ぼく「真綾さんの声やばい。中毒になった。どうしたらいい?」
トッモ「月の珊瑚あるじゃろ? きのこ氏の」
ぼく「うん」
トッモ「あれ、朗読版があるんだけど」
ぼく「うん」
トッモ「真綾さんが90分、朗読してくれる」
ぼく「シュバババババ」←スカディ爆死しており、残弾無し。
なお、水着ジャンヌも狙いに行くので来月は地獄になる模様。
呼符で当てればワンチャン・・・。
後、余談ですがツイッター始めました。ゲームだったり型月作品だったり時々腐に走りかけたりを時々ツイートしております。欲望にまみれたアカウントですのでご注意を。
英霊召喚――この体の魔術回路と質では、召喚出来るのは一騎が限界。
カルデアの電力を以てしても、俺の力ではそれ止まりだ。
「ふぅん、貴方が私のマスターかしら?」
燃え盛る街。そこに不釣り合いな白のコートを纏った少女。腰まで届く桃色の髪に、十人が見れば十人が可憐と評するであろう美貌。コートの下からでも分かるバランスの取れた体。
知っている。確か、ライダークラスの……。
「女王メイヴ……」
「あら、私の事を知っているのね? ならギリギリ合格って所かしら」
女王メイヴ。ケルト神話に登場するコノートの女王。夫との自慢比べに勝つため、アルスターにいる牛を狙い、大戦争を引き起こした者。アイルランドの通貨がユーロに変わる前は、紙幣の顔にもなっていた程。

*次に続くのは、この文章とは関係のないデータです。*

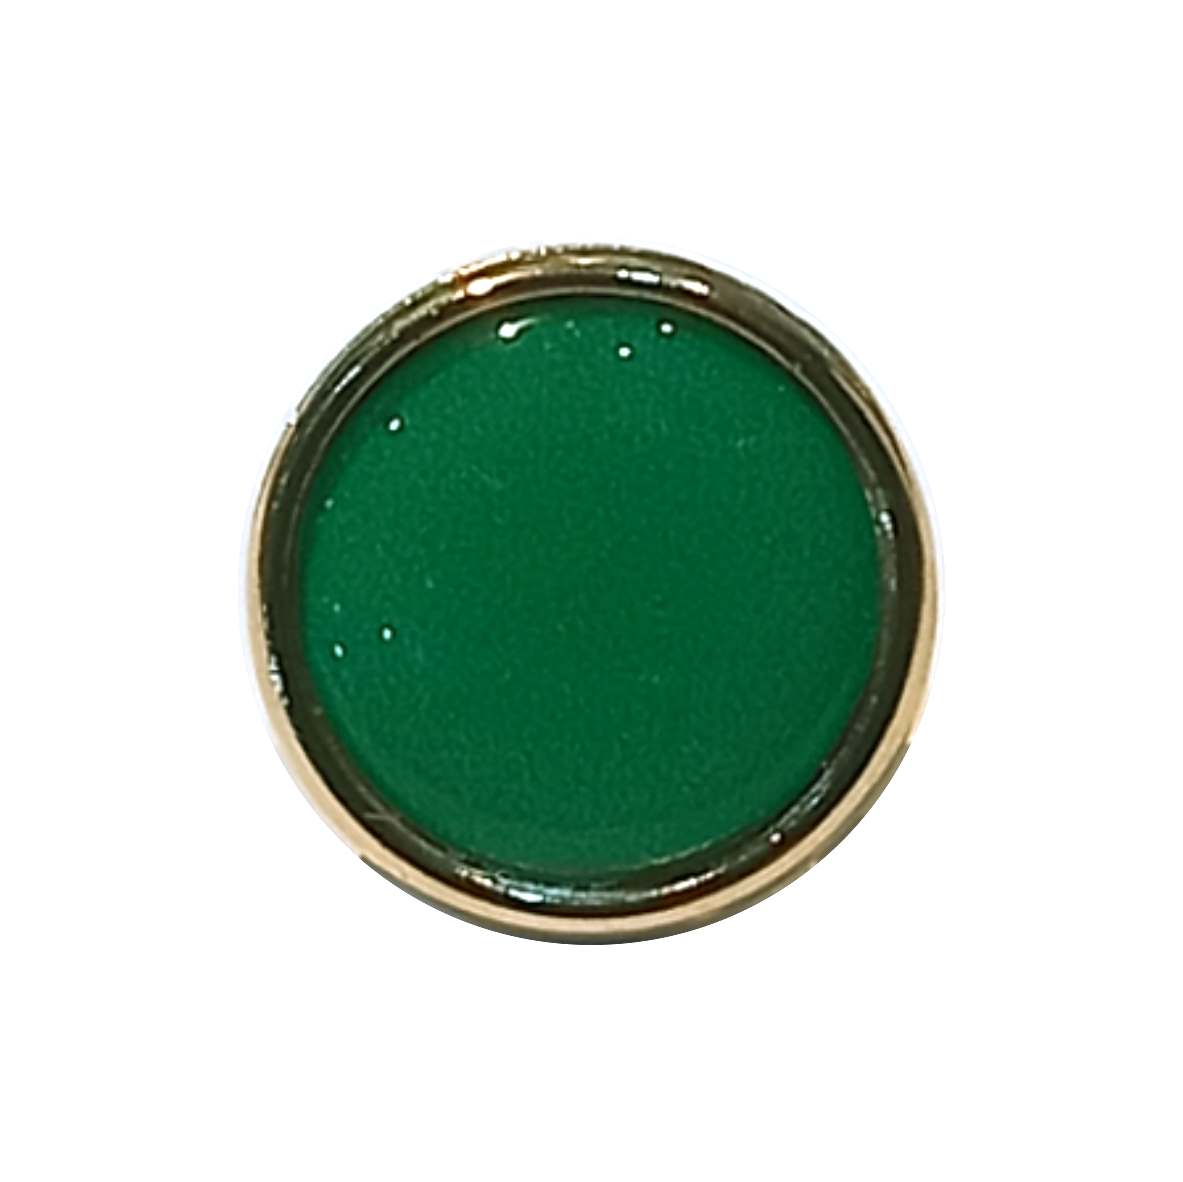 Emerald Green 20mm badge
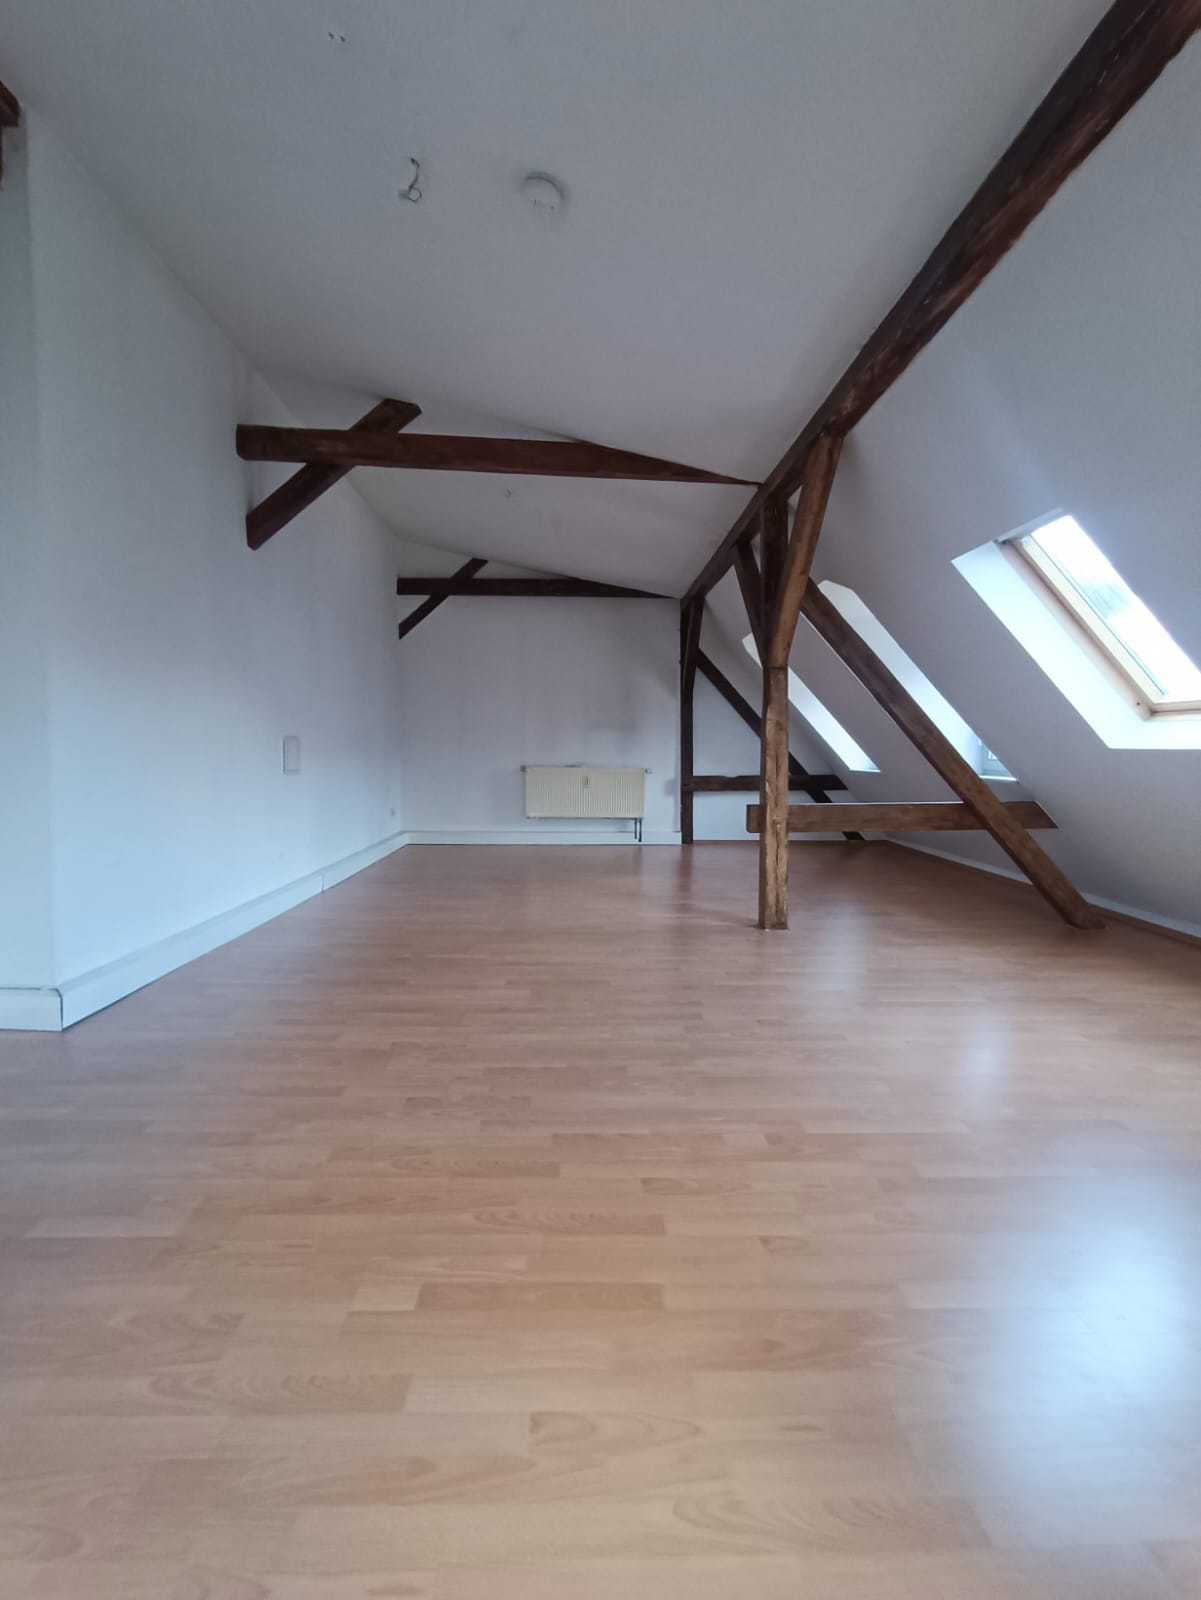 Wohnung zur Miete 900 € 2 Zimmer 103 m² 2. Geschoss Büttelstr. 8 Neustadt Brandenburg an der Havel 14776

彼女は俺に歩み寄ると、顔をまじまじと覗き込んできた。
「集団の中では五番目って言った顔立ちね……。けど覇気も足りなさそうだし、体も至って普通。男らしい勇気も強さも無さそう。
勇士――には程遠いわね。ギリギリ及第点よ」
初っ端から散々な言われようだった。そりゃ女王から見れば俺なんて、芥子粒のようなものだろう。
ケルトの時代と現代人を比較しないで欲しいものである。
「おいおい、こんなところで因縁の再会か、笑えないぜ全く」
「そ、その声は……クーちゃん! クーちゃんなのね!」
メイヴが真っ先に突進していったのは、フードを被った男。
クーちゃんって……アルスターの大英雄クーフーリンの事か。彼が一度、雄叫びを上げるとそれだけでコノートの戦士が百人死んだ、彼が無造作に投石するだけでコノートの戦士が何百人と死んだ。アルスター伝説では避けて通れない存在。
彼女の突進をさも面倒くさそうに避けていく様は、確かに戦士のソレだ。だが見た目からしてキャスターのようにも見える。
クーフーリンと言えば、やはり槍が有名だけど……。
「お前さん、マスターか。……まぁ頑張りな。アイツはちと面倒だが、磨けばいい女になる」
「でも彼女、貴方とその親友に酷い事しましたよね……」
クーフーリンの親友であり、同じスカサハの弟子であった者。メイヴは彼をそそのかし、殺し合いをさせたのだと言う。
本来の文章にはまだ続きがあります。